De l’état d’esprit qui régnait à Saint.James, il aurait fallu pouvoir en embouteiller, et en distribuer les milliers de fioles à travers la ville.

À défaut de ce miracle alchimiste, les Montréalais devront montrer ce dont ils sont capables. Depuis le temps qu’ils se targuent de leur tolérance et se drapent dans les oripeaux de l’interculturel, ils auront, dans les semaines qui s’en viennent, une occasion jamais vue de mesurer leur ouverture d’esprit. Pour moi et le reste des gens ordinaires qui n’avons pas de doctorat en théologie, il nous sera difficile de distinguer l’islam de nos voisins de celui des kamikazes d’Oussama ben Laden et des talibans (qui, rappelons-le, sont sur le point d’exécuter trois Occidentaux parce qu’il ont osé prononcer le mot "Jésus" en terre afghane).

Tout ça, au fond, à cause de notre ignorance. Ignorance de l’Histoire, des Religions, des Idées. Ce qu’on peut se souhaiter, c’est que George W. Bush soit entouré par une armée de théologiens, d’historiens et de professeurs de philosophie, pour qu’ils lui expliquent le fonctionnement du monde en dehors du Texas.

Et dire que le patronat réclame la disparition de ces inutiles disciplines de nos universités…

Fausse note
La seule note malheureuse de ce vendredi de deuil nous vient de Pierre Bourque, pour avoir récité quelques paroles de Quand les hommes vivront d’amour. Pas que les paroles de cet hymne soient irrecevables, au contraire; mais les propos xénophobes de son auteur, pour qui seuls ceux dont les ancêtres ont labouré les plaines du Saint-Laurent sous Frontenac, devraient avoir le droit de voter aux référendums, y sont désormais trop rattachés. Comme invocation de la tolérance…

Tout au long du service, il a été question de tolérance, justement. Or, la tolérance sera un bien piètre rempart contre la montée de la xénophobie. Ce dont nous devrons être armés, c’est de l’acceptation. Tolérer ne veut dire que supporter, endurer, admettre, autoriser. Quand nos armées bombarderont et rayeront de la carte Kandahar, il ne faudra pas se surprendre que ça n’applaudisse pas à tout rompre dans les mosquées d’ici. Il faudra l’accepter et le comprendre.
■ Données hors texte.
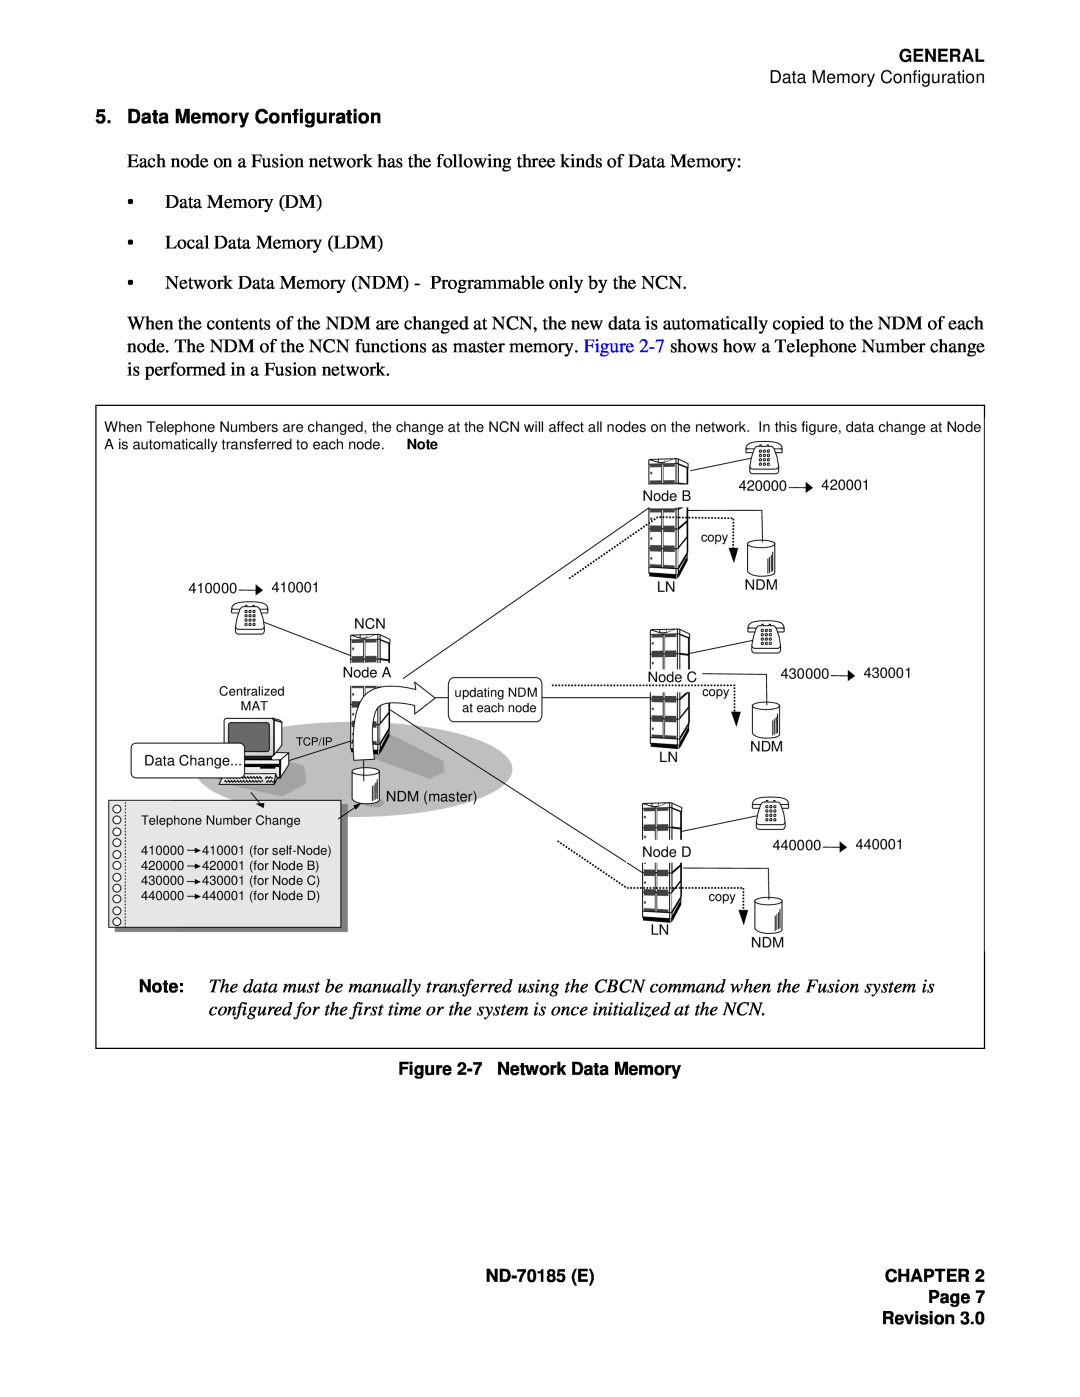 NEC NEAX2400 system manual Data Memory Configuration 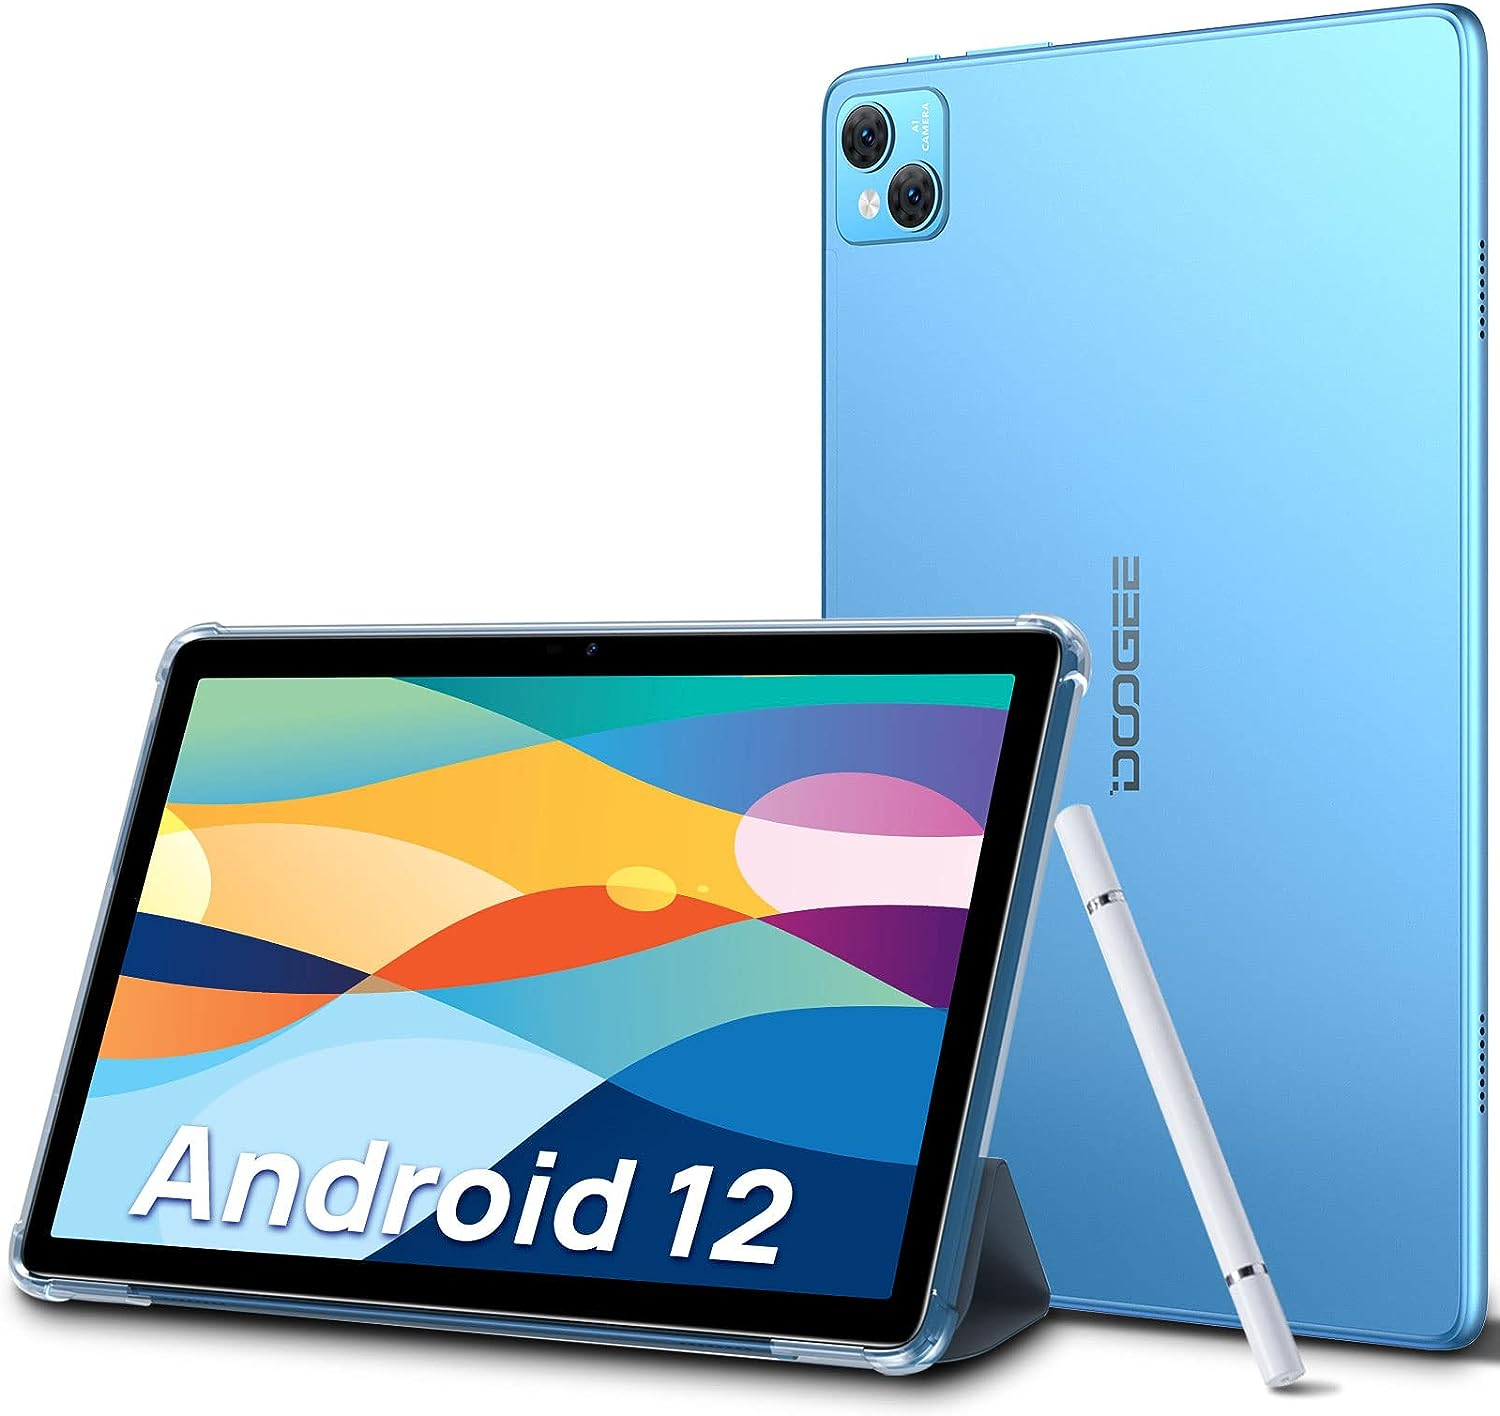 Android Tablet, Zoll, 12, GB, 10,1 T10 Blau 15GB+128GB 128 8300mAh DOOGEE 4G

Avant la Deuxième Guerre mondiale, il y avait sur notre sol des Japonais, des Allemands et des Italiens. Ils étaient tolérés, comme le sont aujourd’hui les Afghans, les Arabes, les Pakistanais, les musulmans et les islamistes. Mais après le déclenchement de ladite Guerre, on les a emprisonnés. Pourtant, on les tolérait.